Figure 36 of Oil and Gas Developments in Pennsylvania in 1987 provides summarized records of 391 well completions that penetrated formations of Middle Devonian age or older (i.e., to the Marcellus Formation or lower). The majority of these wells were categorized as producing from the Medina Group. Details on the depths to and thicknesses of each of these three members, together with the depths of the producing interval, were provided for approximately 350 Medina Group completions. Using these data it is simple (if tedious) to calculate whether or not the Cabot Head Shale was completed. If my math is correct, 198 out of 350 Medina Group wells were completed in the Cabot Head Shale.
The Appalachian Basin Tight Gas Reservoirs Project, a three-year project sponsored by the U.S. Department of Energy and undertaken by the West Virginia Geological and Economic Survey and the Pennsylvania Geological and Topographic Survey, reported on 10,906 Medina completions in Pennsylvania through approximately 2007. Assuming the ratio of Cabot Head Shale to Medina Group wells from 1987 holds for other time periods, this would suggest approximately 6,170 Cabot Head Shale completions.
This is significant, because any well completed in the Cabot Head Shale meets Act 13′s definition of an unconventional well, and thus, is required to pay unconventional impact fees.
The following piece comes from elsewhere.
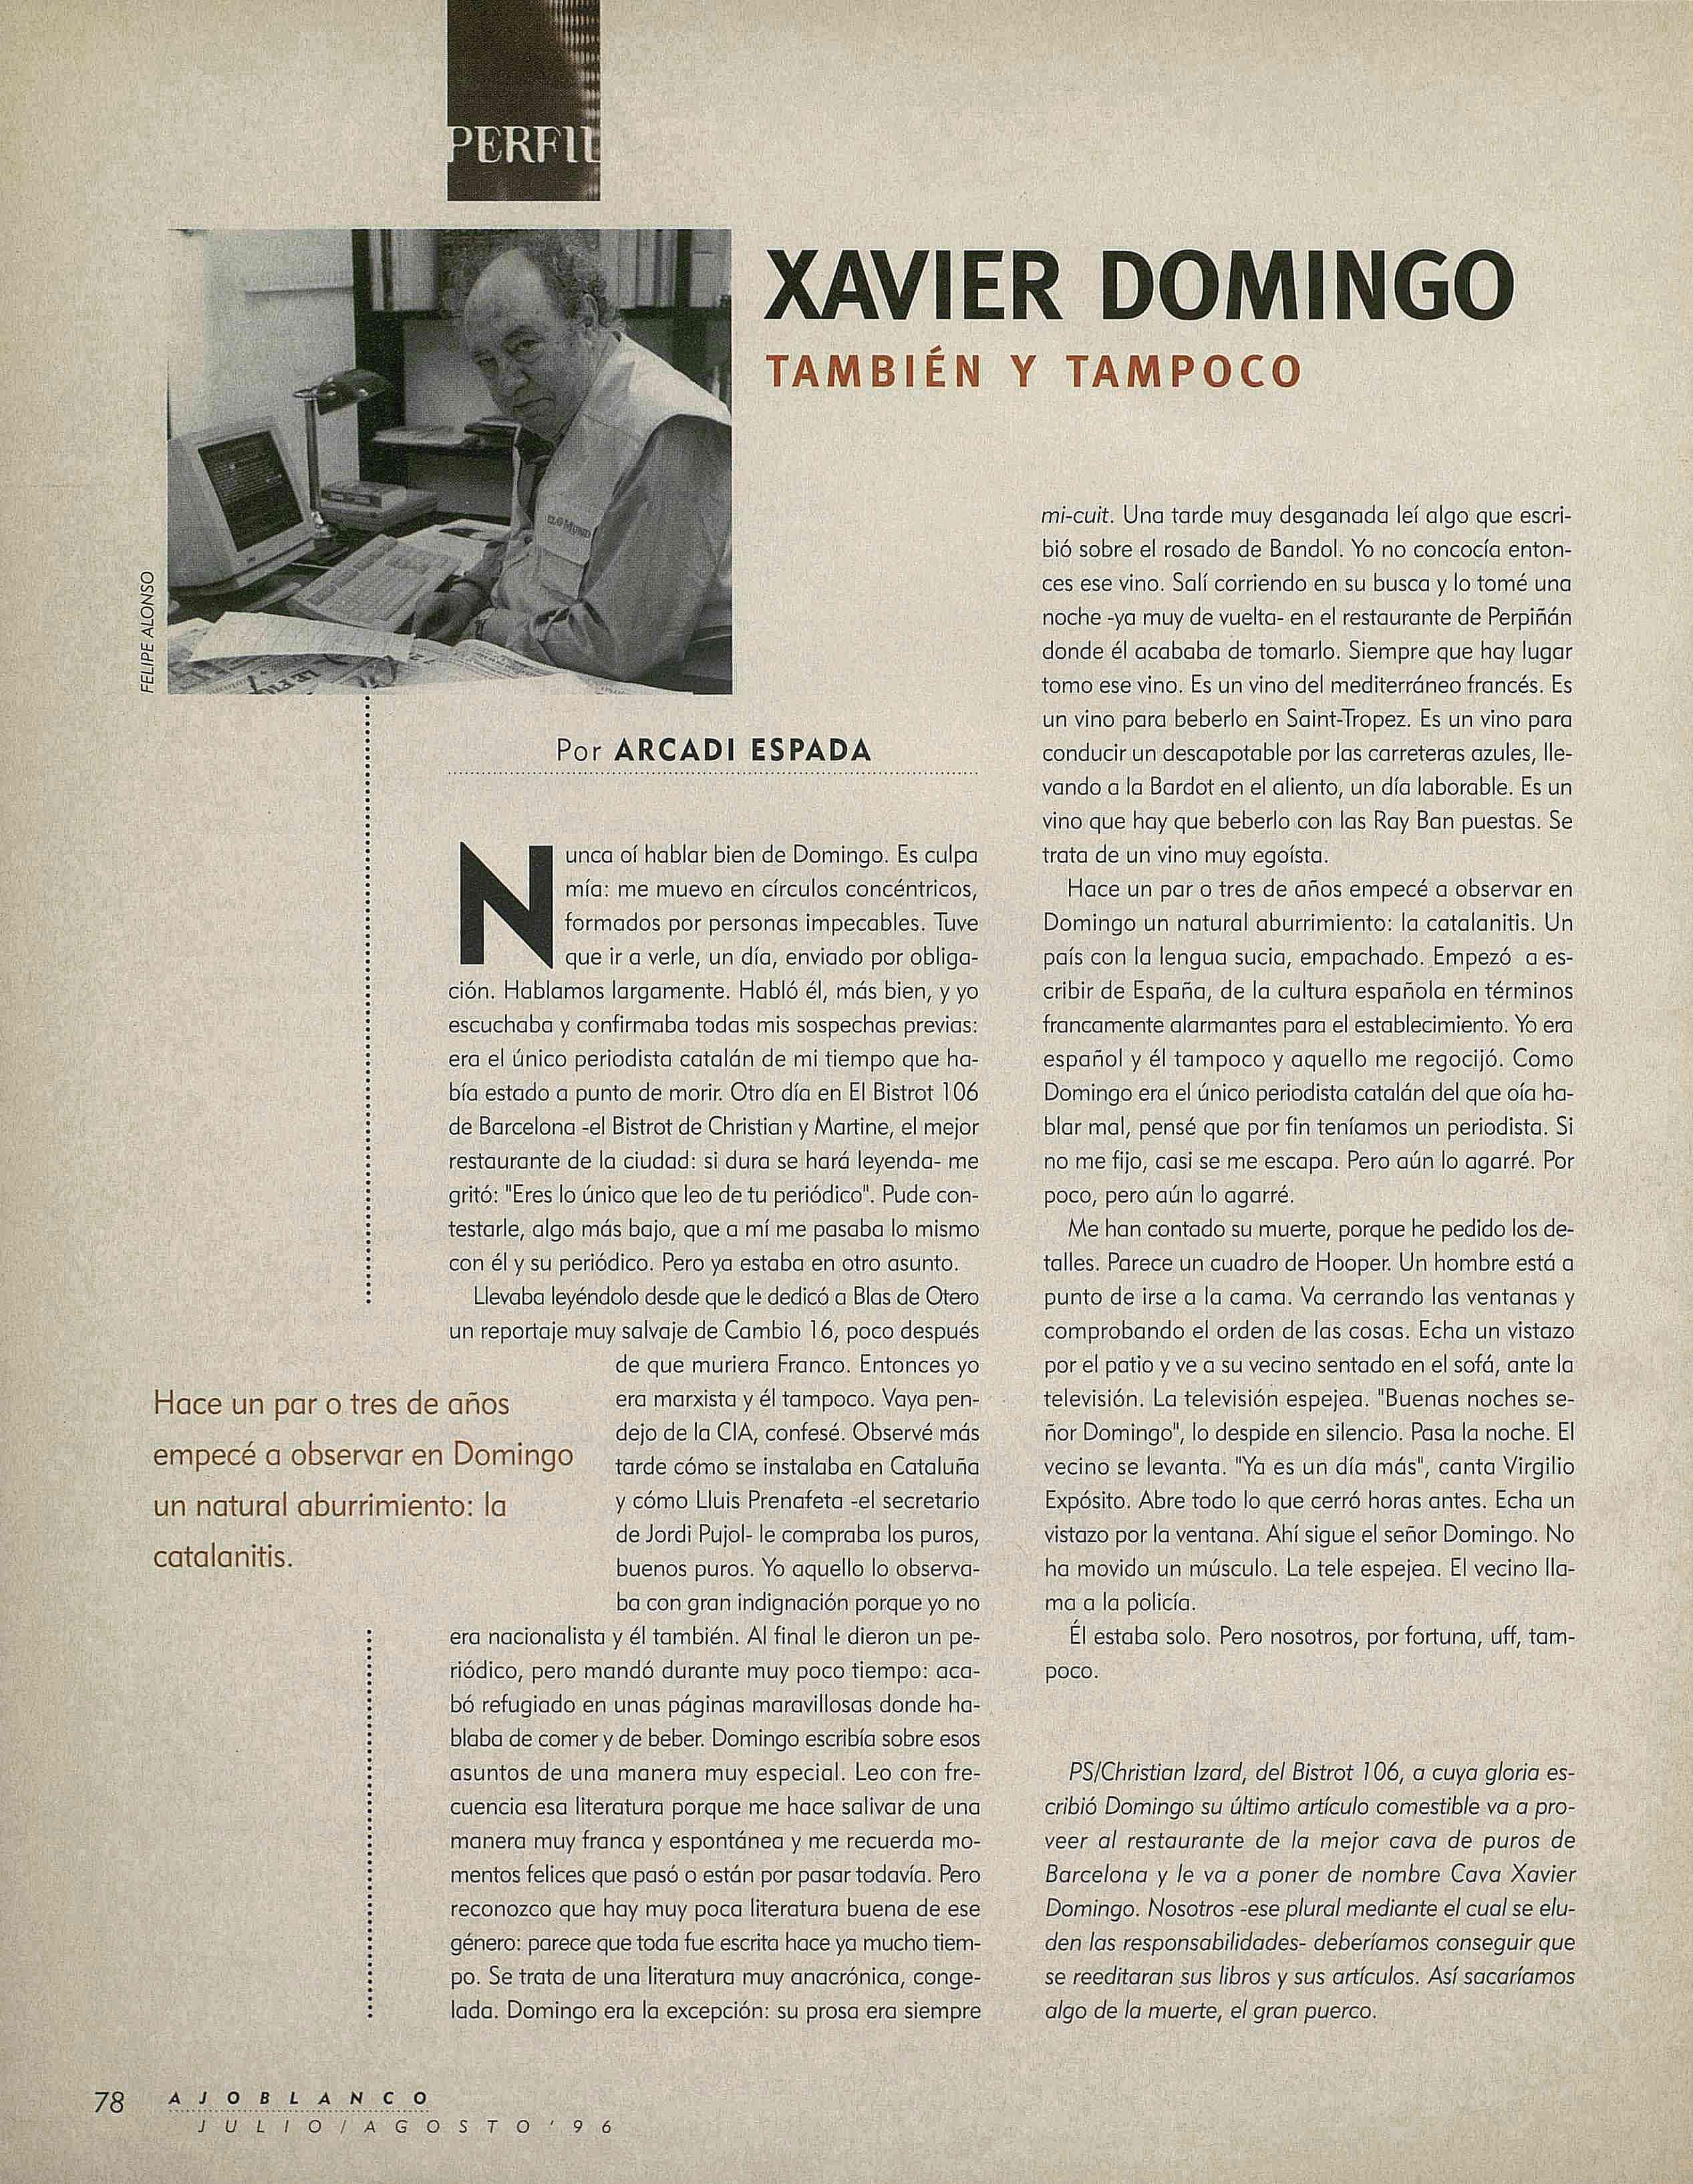 Xavier Domingo murió hace 25 años

Assuming these wells were all vertical, that would be a fee of at least $8,000 for 2011, or a total of more than $49 million in impact fees due under Act 13. And yet, none of these wells were included in the Pennsylvania Department of Environmental Protection’s reports to the Pennsylvania Public Utility Commission as required by Act 13.
As startling as this oversight is, the above estimate likely understates the number of Medina Group wells liable for unconventional impact fees. First, I have been overly conservative in my calculations — only including wells that explicitly completed the Cabot Head Shale. In many cases the wells reported in 1987 were completed to within a foot or so of the Cabot Head Shale. Because the Medina is generally more than 2,000 feet below the surface, any hydraulic fracturing of the Grimsby Sandstone or the Whirlpool Sandstone will grow vertically, and therefore, penetrate and produce from the Cabot Head Shale. In that case, the number of unconventional wells may include every Medina Group well ever completed. If so, the impact fees due under Act 13 would grow to more than $87 million.
Second, I have only reported on completed wells, but Act 13 requires that impact fees be paid on all spud unconventional wells. A well is spud the moment drilling begins. As a consequence, the number of spud wells is likely to be meaningfully higher than the number of completed wells, but so far I have not found a data source that would allow me to reliably estimate the ratio of spud wells to completed wells for the Medina Group during this time period. Whatever this ratio turns out to be, it simply adds to the magnitude of the reporting failures by the Pennsylvania Department of Environmental Protection.
Third, to estimate the total population of Medina Group wells I used the well database generated by the Appalachian Basin Tight Gas Reservoirs Project. But it is likely that this is actually not the population of Medina wells, but only a sample of them. To the extent that more than 10,906 Medina wells were spud in Pennsylvania in the Cabot Head Shale, then my estimate of the impact fees due is too low.
In sum, my analysis suggests the operators of Medina Group wells collectively owe a minimum of $49 million to $87 million in unconventional well impact fees under Act 13, and the total could be much higher. And yet none of these wells has been reported as required by the Act.